— Croyez, monsieur Robert, que je n’ai pas peur des tigrés.
— Ni moi non plus ! riposta Laripette.
Ils se regardèrent en riant,
— Vous êtes adorable, reprit le jeune docteur après un moment de silence.
— C’est, une déclaration ?
— Parbleu !
La colonelle pencha sa tête sur l’épaule du jeune homme. Robert prit cette tête dans ses mains et l’embrassa.
— Et vous, Robert, fit tout à coup Pauline, vous ne m’avez pas fait connaître votre état civil… Je sais bien votre nom, votre profession ; je sais que vous avez beaucoup voyagé…
Mais êtes-vous garçon ou marié ?
— Garçon.
— Vous n’avez jamais songé au mariage ?
— Pas encore.
— Allons donc !
— Je vous le jure,
— Vous avez bien eu cependant des maîtresses ?
— Oui, mais si fugitives !…
— Aucune n’a fixé votre cœur ?
— Aucune.
— C’est étrange. Charmant comme vous l’êtes, — je puis bien le dire, — vous avez dû faire pas mal de conquêtes… et vous ne campez encore sur aucun des terrains conquis ?
— Je n’ai pas de famille, pas d’ami, pas de maîtresse.
— Vous vivez absolument seul ?
— Non.
— Vous voyez bien que vous êtes attaché à quelqu’un. Elle se versa encore un verre de champagne et se rapprocha de lui.
— C’est vrai, j’ai quelqu’un qui m’aime, fit Robert.
Pauline pinça les lèvres avec une sorte de dépit.

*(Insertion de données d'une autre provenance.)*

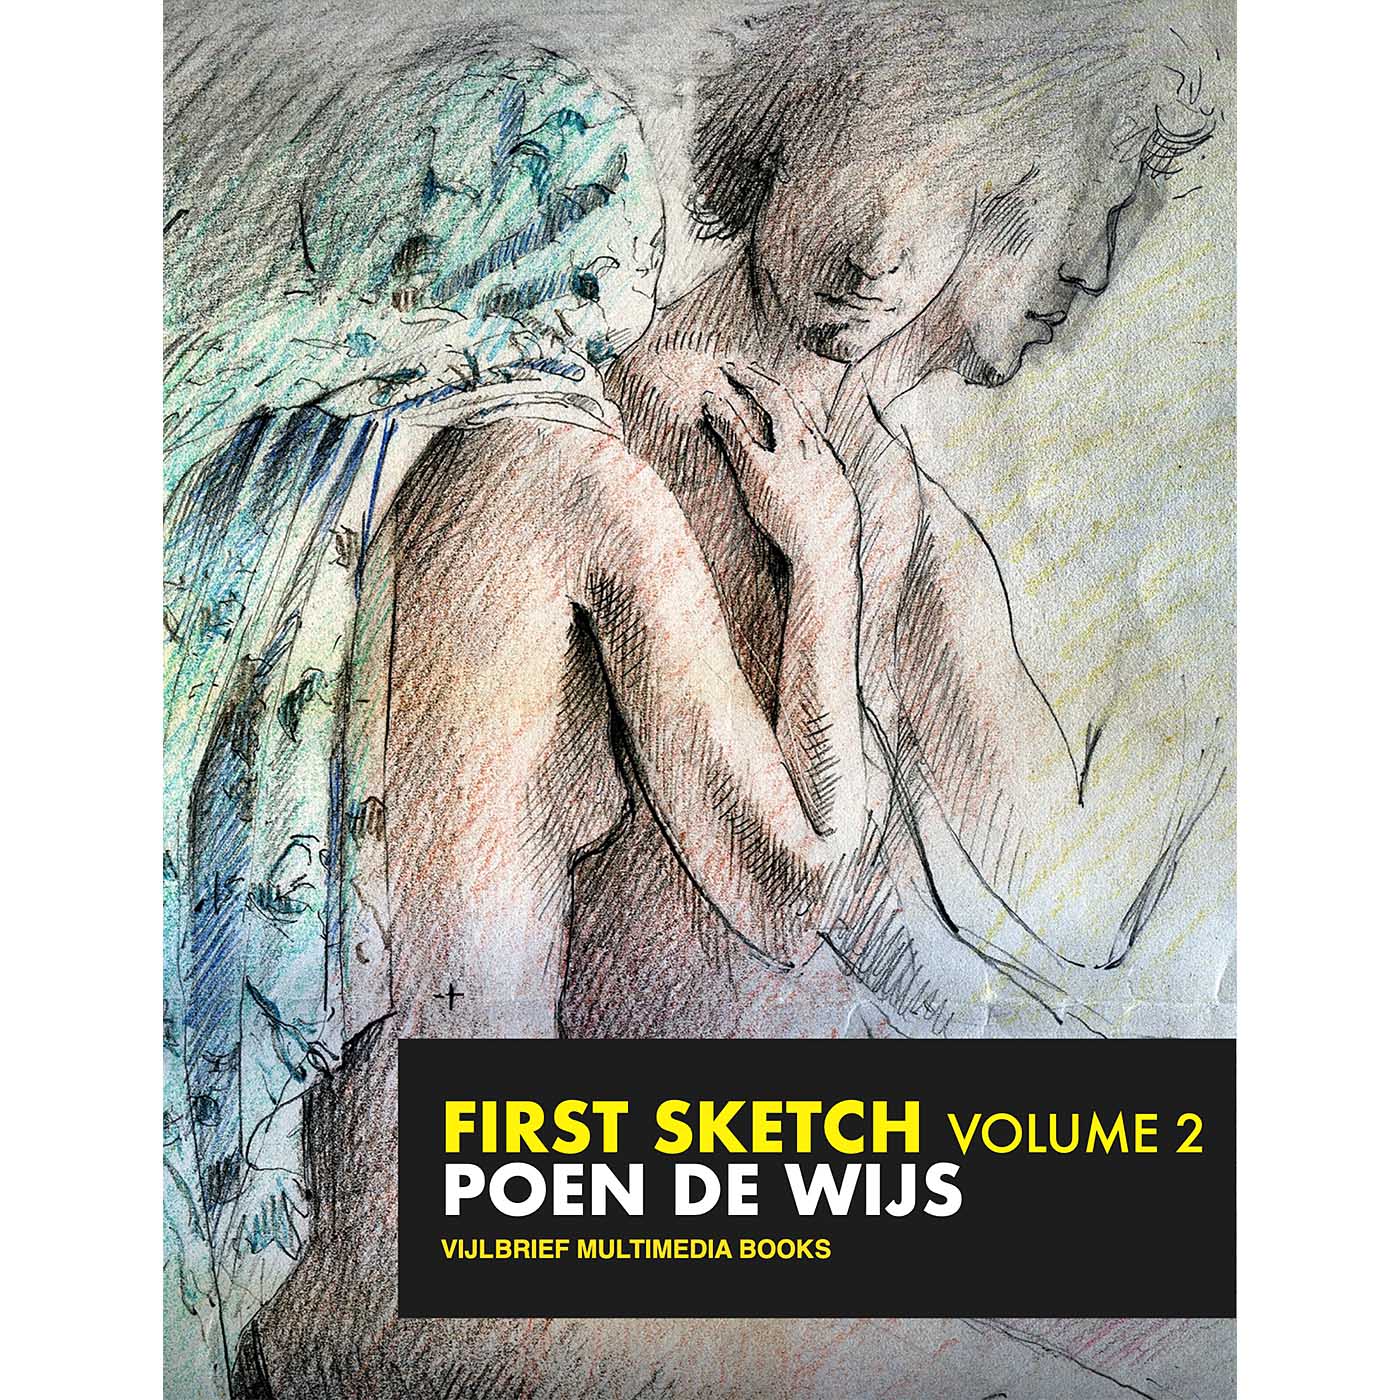 First Sketch, Volume II. The evolution of Poen de Wijs art

— Quelqu’un ?… ou quelqu’une ?
— Quelqu’une.
La colonelle eut un mouvement d’impatience ; elle était nerveuse, l’ancienne petite pensionnaire du Saint-Nom-de-Jésus.
— Et comment l’appelez-vous, fit-elle en serrant les dents, celle qui vous aime ?
— Oh ! c’est une amitié qui est sincère, mais qui ne tire pourtant pas à conséquence…
— Mais enfin… son nom ?
— Pélagie.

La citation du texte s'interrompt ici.